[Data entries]
=== Begin Enclosure ===

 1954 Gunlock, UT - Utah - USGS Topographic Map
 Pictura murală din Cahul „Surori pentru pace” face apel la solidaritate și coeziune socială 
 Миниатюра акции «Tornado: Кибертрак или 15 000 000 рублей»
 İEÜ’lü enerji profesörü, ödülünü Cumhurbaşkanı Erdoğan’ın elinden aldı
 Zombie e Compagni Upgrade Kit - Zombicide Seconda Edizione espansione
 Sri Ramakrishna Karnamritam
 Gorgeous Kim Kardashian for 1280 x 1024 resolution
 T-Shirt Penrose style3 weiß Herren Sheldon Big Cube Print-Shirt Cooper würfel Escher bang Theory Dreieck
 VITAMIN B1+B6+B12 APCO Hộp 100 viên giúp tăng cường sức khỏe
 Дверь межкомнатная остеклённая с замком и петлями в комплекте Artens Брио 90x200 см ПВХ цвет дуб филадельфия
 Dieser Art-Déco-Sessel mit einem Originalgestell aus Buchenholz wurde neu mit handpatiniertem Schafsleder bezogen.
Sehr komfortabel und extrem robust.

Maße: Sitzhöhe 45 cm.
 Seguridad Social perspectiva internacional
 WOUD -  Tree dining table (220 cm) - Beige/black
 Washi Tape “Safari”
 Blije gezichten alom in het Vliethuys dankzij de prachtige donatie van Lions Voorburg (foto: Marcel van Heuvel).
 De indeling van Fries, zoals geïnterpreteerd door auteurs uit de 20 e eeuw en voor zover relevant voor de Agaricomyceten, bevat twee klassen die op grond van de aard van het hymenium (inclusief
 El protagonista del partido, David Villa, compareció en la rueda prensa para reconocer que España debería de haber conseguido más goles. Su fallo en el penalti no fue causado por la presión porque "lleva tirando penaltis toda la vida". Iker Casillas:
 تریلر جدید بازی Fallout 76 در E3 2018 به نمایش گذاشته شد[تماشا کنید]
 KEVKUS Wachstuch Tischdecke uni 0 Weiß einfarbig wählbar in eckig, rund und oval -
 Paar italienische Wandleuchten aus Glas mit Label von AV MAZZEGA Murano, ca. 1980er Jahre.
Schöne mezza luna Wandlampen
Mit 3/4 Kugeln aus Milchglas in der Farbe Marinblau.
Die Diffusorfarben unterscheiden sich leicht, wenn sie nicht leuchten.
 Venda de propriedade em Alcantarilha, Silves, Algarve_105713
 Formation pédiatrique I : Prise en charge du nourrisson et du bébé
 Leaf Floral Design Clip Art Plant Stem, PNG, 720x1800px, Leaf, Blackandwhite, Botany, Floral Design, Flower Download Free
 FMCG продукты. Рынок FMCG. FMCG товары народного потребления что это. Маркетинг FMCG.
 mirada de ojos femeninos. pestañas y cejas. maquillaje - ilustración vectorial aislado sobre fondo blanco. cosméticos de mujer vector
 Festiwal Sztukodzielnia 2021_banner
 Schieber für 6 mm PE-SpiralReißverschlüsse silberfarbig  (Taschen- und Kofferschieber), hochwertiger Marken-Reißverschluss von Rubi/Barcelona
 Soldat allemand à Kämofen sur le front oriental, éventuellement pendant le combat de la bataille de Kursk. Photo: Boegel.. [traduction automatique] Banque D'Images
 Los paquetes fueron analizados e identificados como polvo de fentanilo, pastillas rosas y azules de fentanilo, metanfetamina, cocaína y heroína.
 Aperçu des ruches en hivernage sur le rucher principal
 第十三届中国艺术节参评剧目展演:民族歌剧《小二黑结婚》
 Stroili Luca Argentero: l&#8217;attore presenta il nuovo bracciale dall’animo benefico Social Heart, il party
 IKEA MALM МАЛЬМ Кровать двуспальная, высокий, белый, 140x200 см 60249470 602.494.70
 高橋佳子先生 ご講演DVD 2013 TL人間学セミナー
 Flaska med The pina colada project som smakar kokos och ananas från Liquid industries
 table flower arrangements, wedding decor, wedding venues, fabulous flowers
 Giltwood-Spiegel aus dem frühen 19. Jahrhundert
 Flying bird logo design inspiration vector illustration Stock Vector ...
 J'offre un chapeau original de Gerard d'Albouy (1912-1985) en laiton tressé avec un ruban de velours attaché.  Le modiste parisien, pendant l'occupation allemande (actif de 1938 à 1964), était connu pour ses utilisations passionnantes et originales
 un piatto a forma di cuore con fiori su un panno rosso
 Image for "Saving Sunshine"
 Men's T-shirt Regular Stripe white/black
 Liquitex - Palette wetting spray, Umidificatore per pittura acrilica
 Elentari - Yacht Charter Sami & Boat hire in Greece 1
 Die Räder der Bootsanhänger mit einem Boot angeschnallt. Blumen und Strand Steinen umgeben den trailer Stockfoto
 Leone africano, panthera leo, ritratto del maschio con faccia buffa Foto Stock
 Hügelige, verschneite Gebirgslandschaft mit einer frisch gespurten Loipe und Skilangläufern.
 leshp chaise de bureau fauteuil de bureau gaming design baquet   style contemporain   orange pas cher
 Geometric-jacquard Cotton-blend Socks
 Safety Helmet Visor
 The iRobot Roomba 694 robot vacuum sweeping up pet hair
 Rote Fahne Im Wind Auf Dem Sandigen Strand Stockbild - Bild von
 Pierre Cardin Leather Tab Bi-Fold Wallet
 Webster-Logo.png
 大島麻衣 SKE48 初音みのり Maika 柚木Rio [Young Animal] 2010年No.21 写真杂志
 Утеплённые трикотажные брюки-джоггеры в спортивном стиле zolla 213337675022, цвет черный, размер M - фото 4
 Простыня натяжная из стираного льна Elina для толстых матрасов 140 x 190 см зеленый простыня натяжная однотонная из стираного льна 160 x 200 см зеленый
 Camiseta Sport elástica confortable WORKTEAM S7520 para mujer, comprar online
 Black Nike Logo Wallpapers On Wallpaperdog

=== End Enclosure ===

Work to be completed:
For every line above that holds the word "mujer", report the whole line.

Task response:
 mirada de ojos femeninos. pestañas y cejas. maquillaje - ilustración vectorial aislado sobre fondo blanco. cosméticos de mujer vector
 Camiseta Sport elástica confortable WORKTEAM S7520 para mujer, comprar online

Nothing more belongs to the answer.